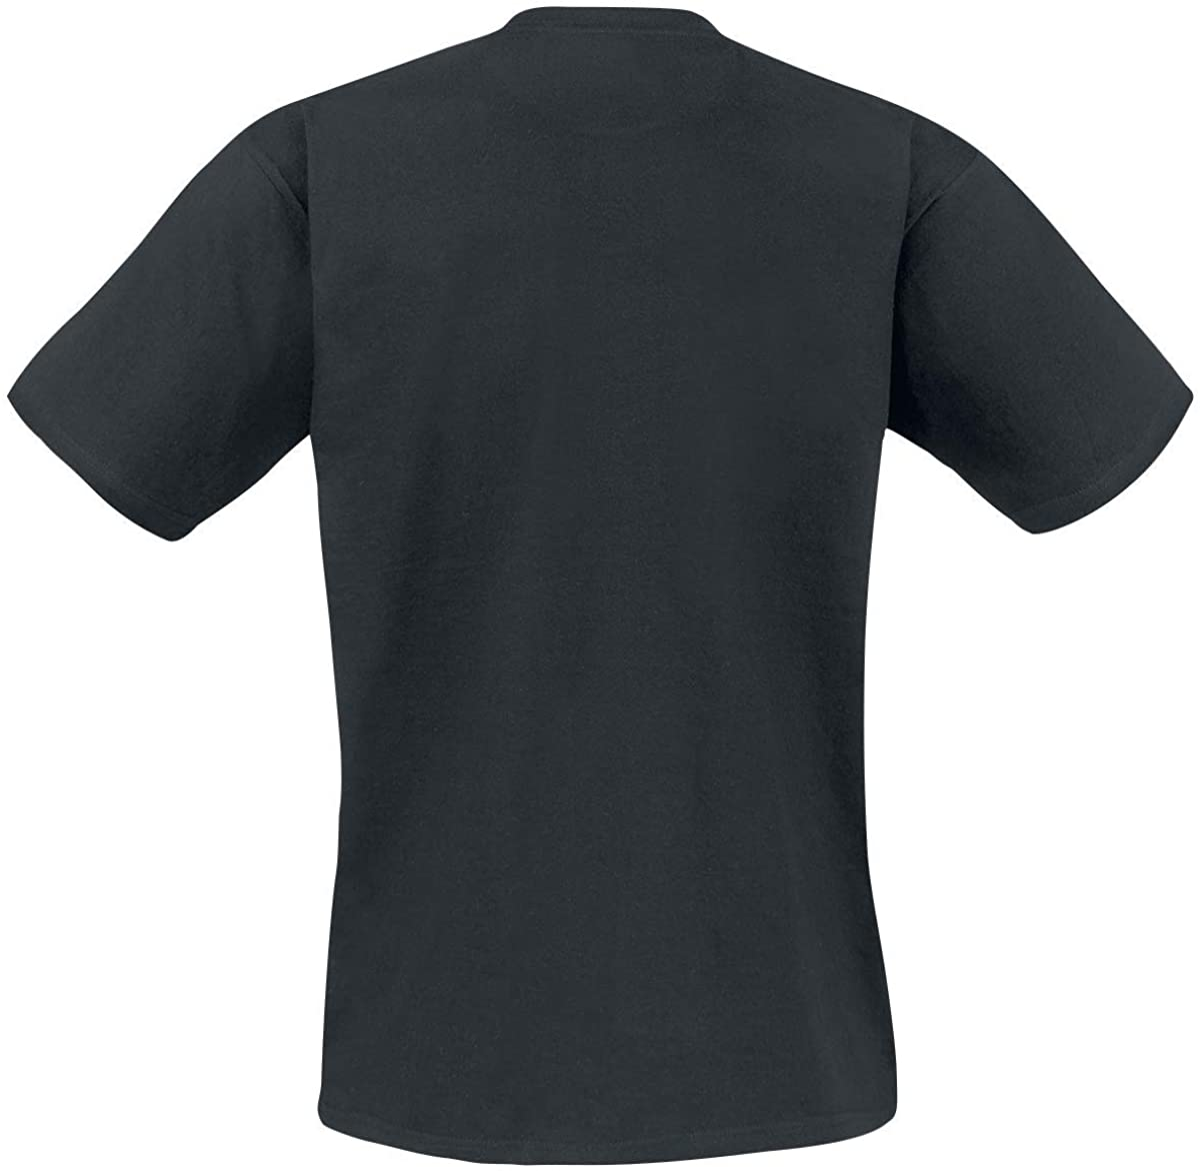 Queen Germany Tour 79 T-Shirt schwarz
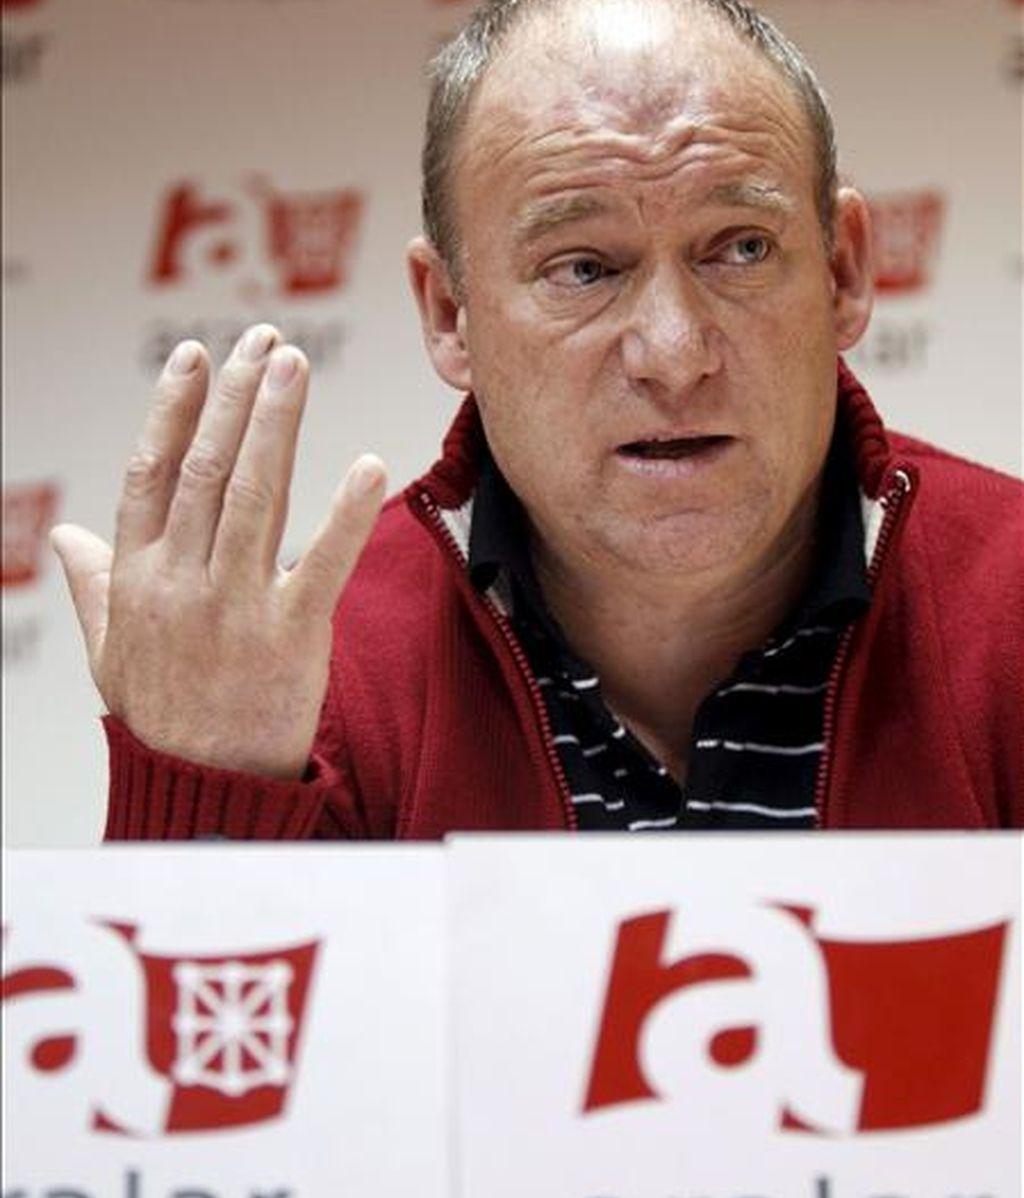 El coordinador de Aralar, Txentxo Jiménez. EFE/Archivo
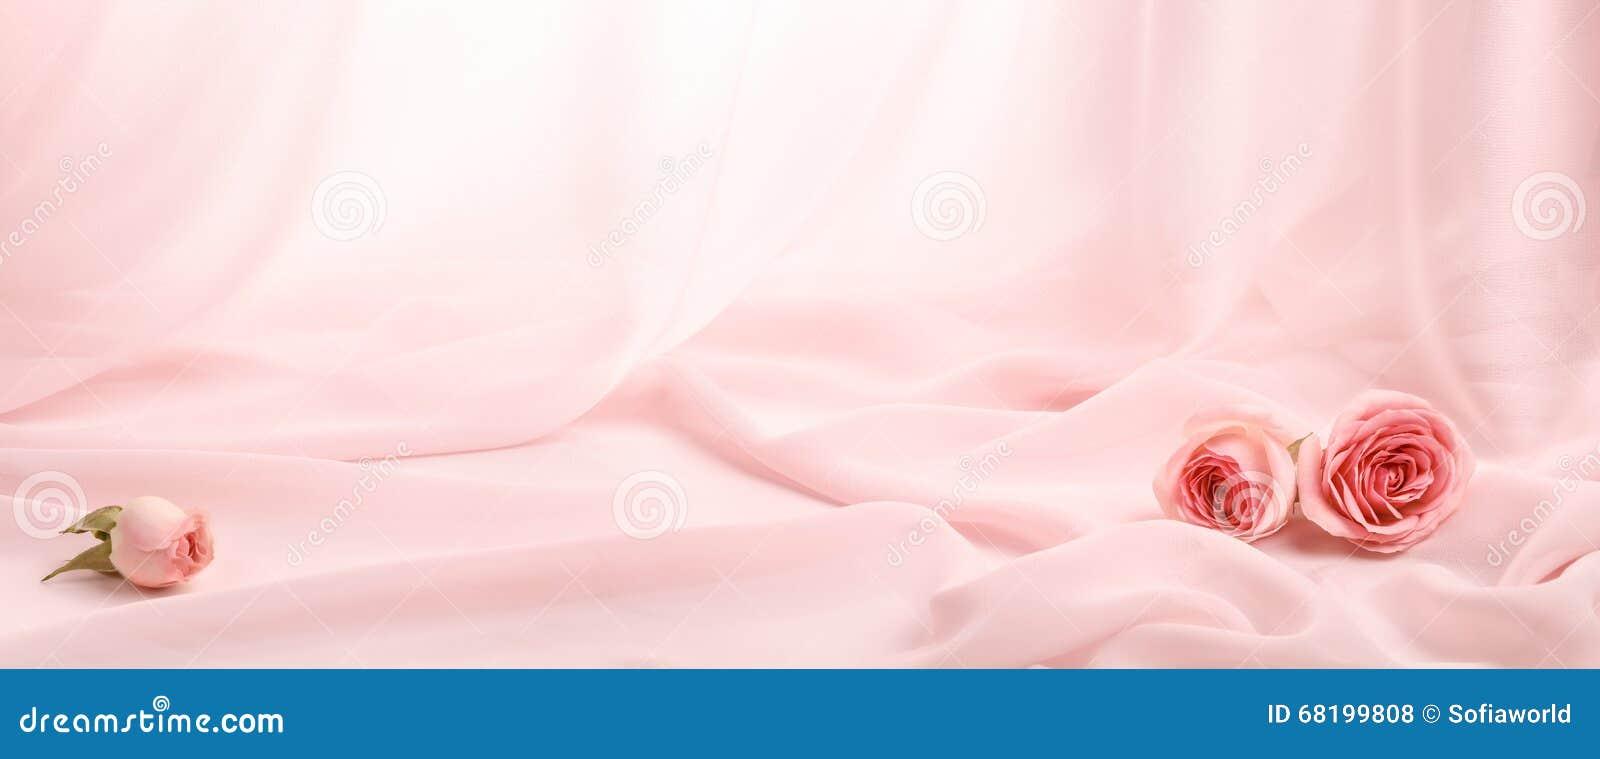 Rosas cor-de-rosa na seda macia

* * *

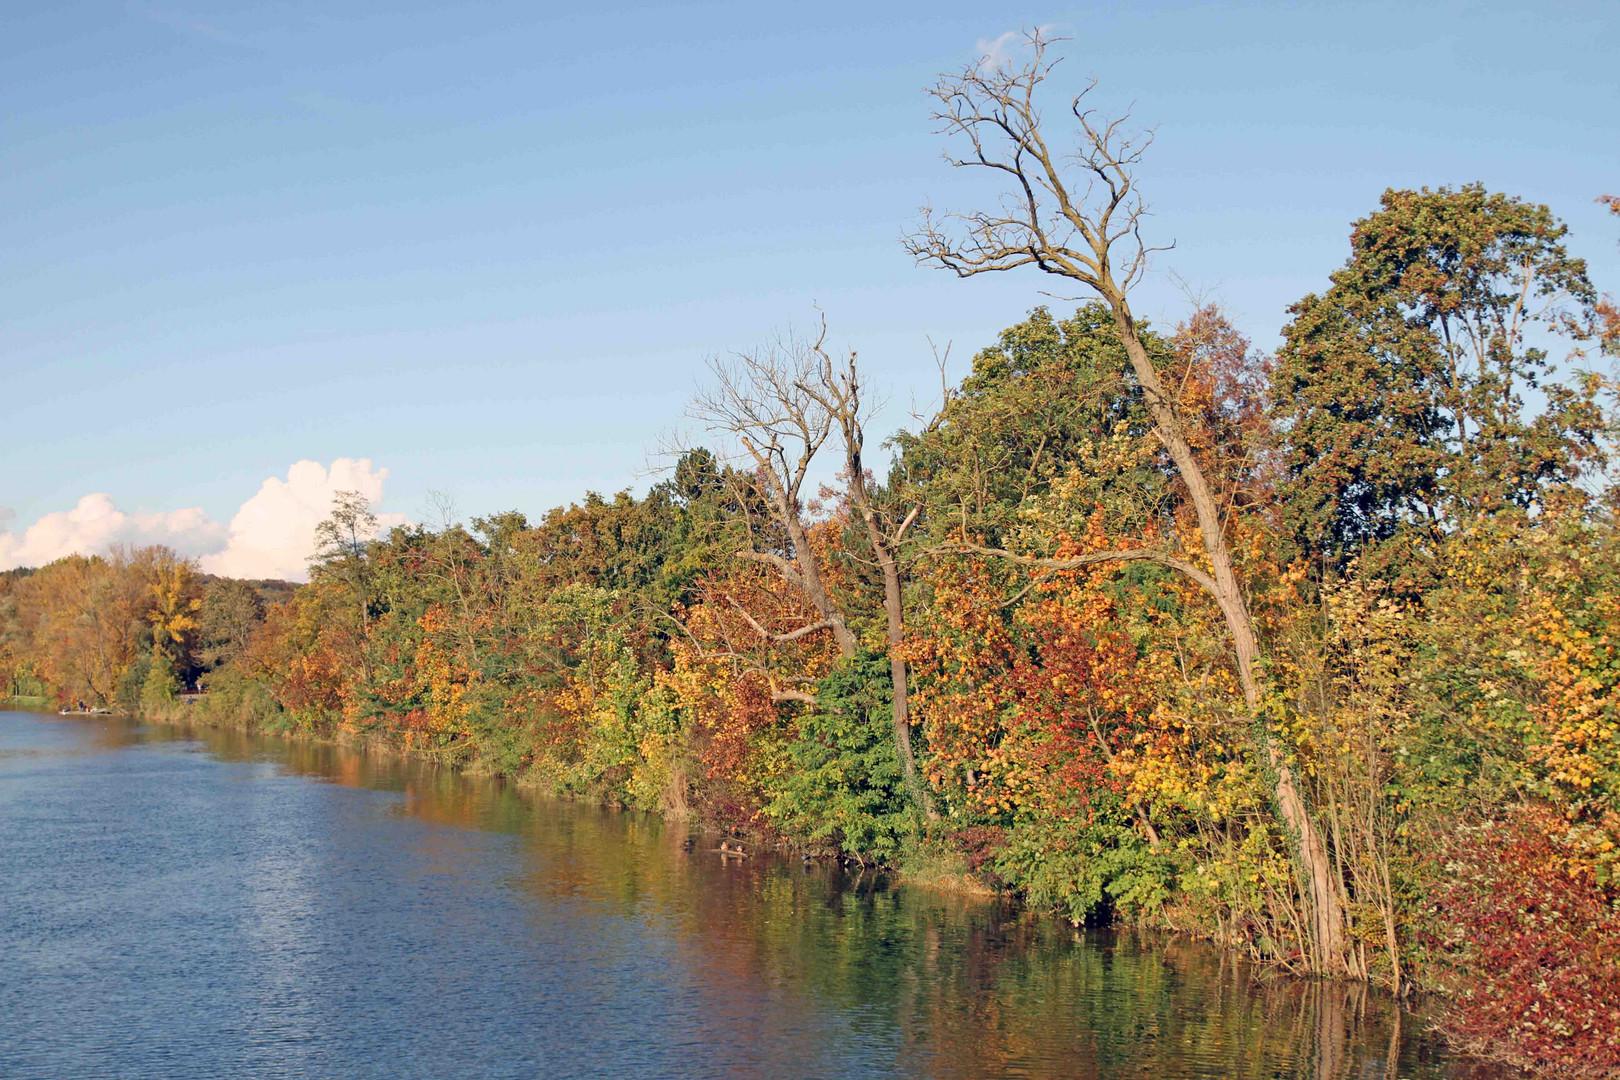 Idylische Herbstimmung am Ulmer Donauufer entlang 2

--

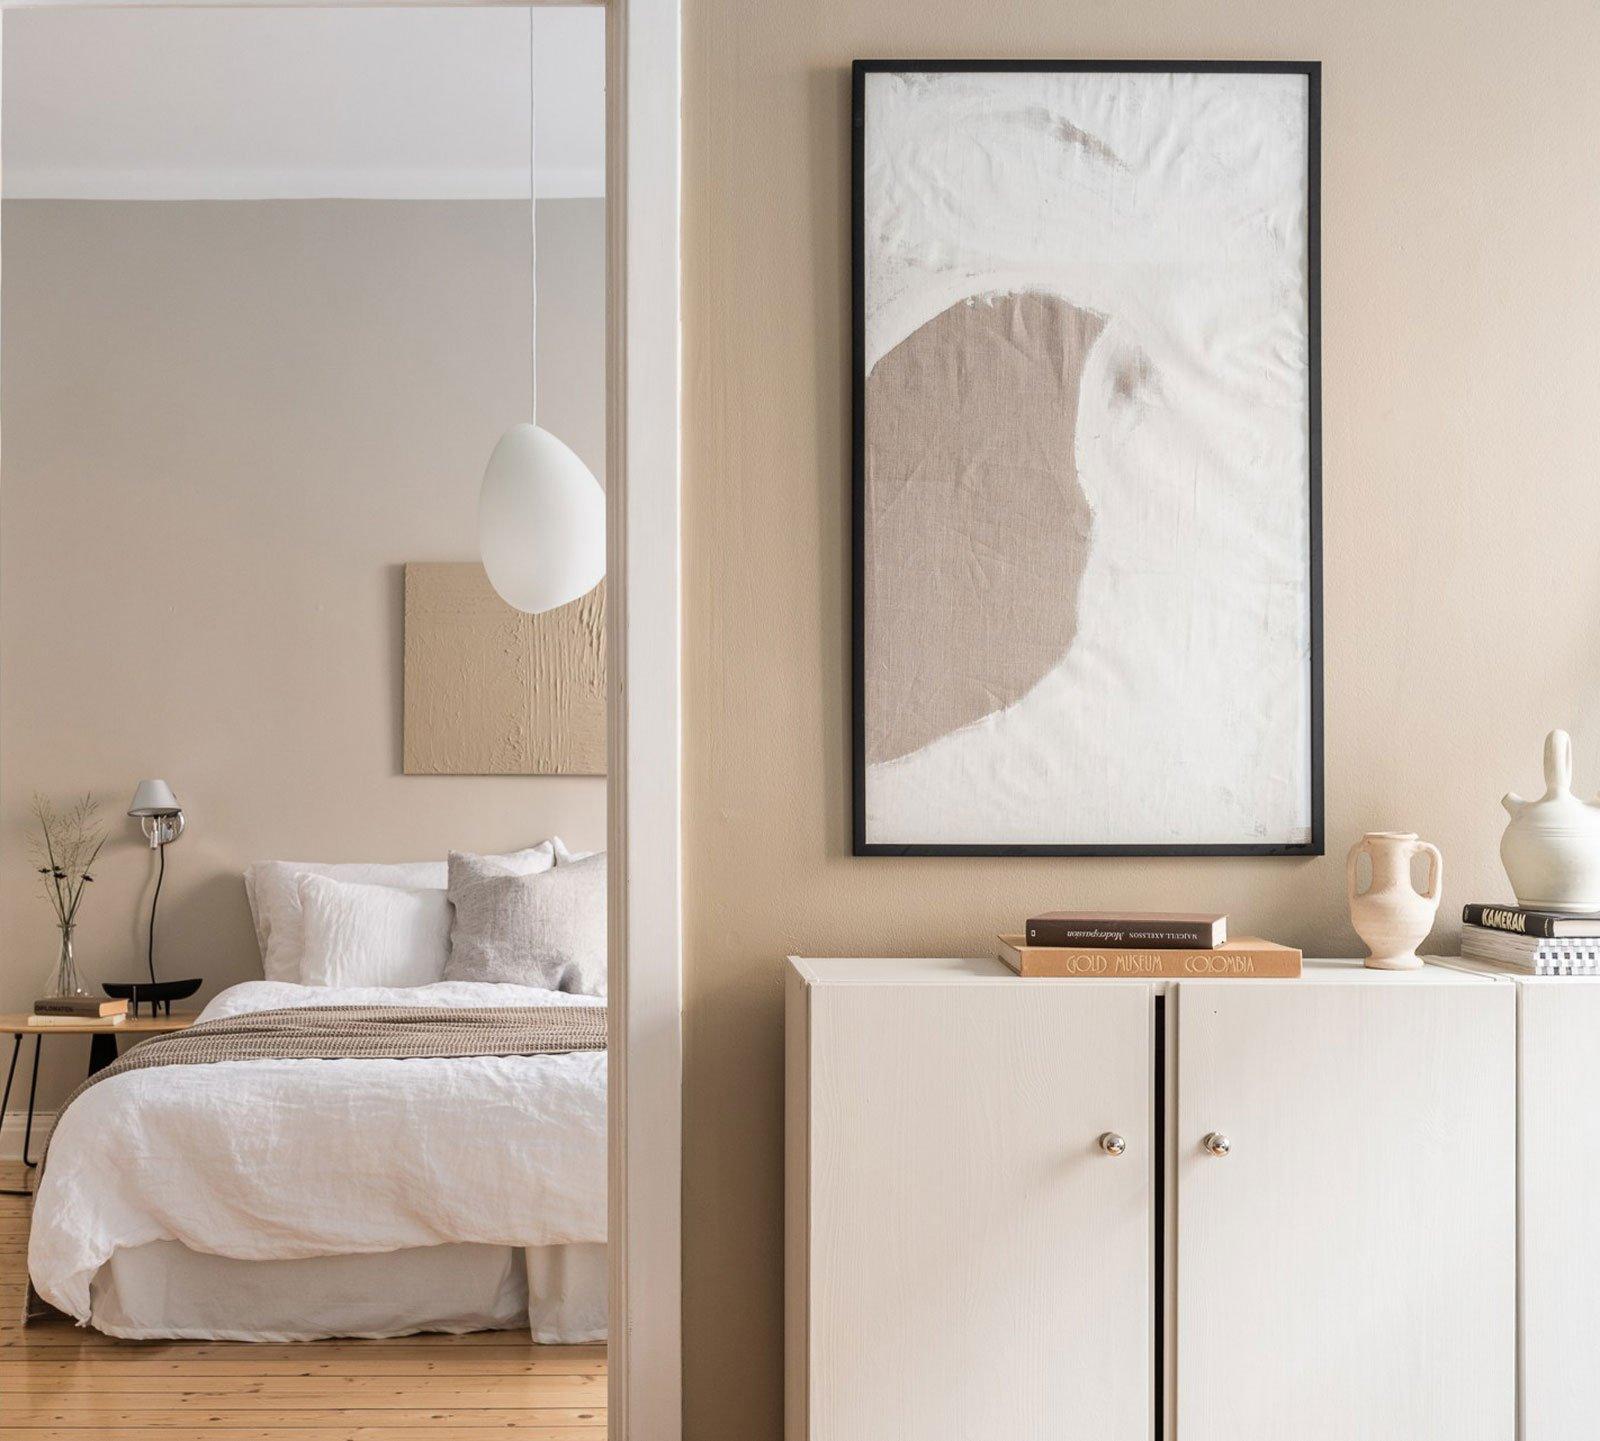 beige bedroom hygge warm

* Assigned task
Transcribe only this stretch of the data: the line with "Queen Germany Tour 79 T-Shirt schwarz", the line with "Rosas cor-de-rosa na seda macia", and every line in between. Leave out the pictures.

* Task response
 Queen Germany Tour 79 T-Shirt schwarz
 El coordinador de Aralar, Txentxo Jiménez. EFE/Archivo
 Rosas cor-de-rosa na seda macia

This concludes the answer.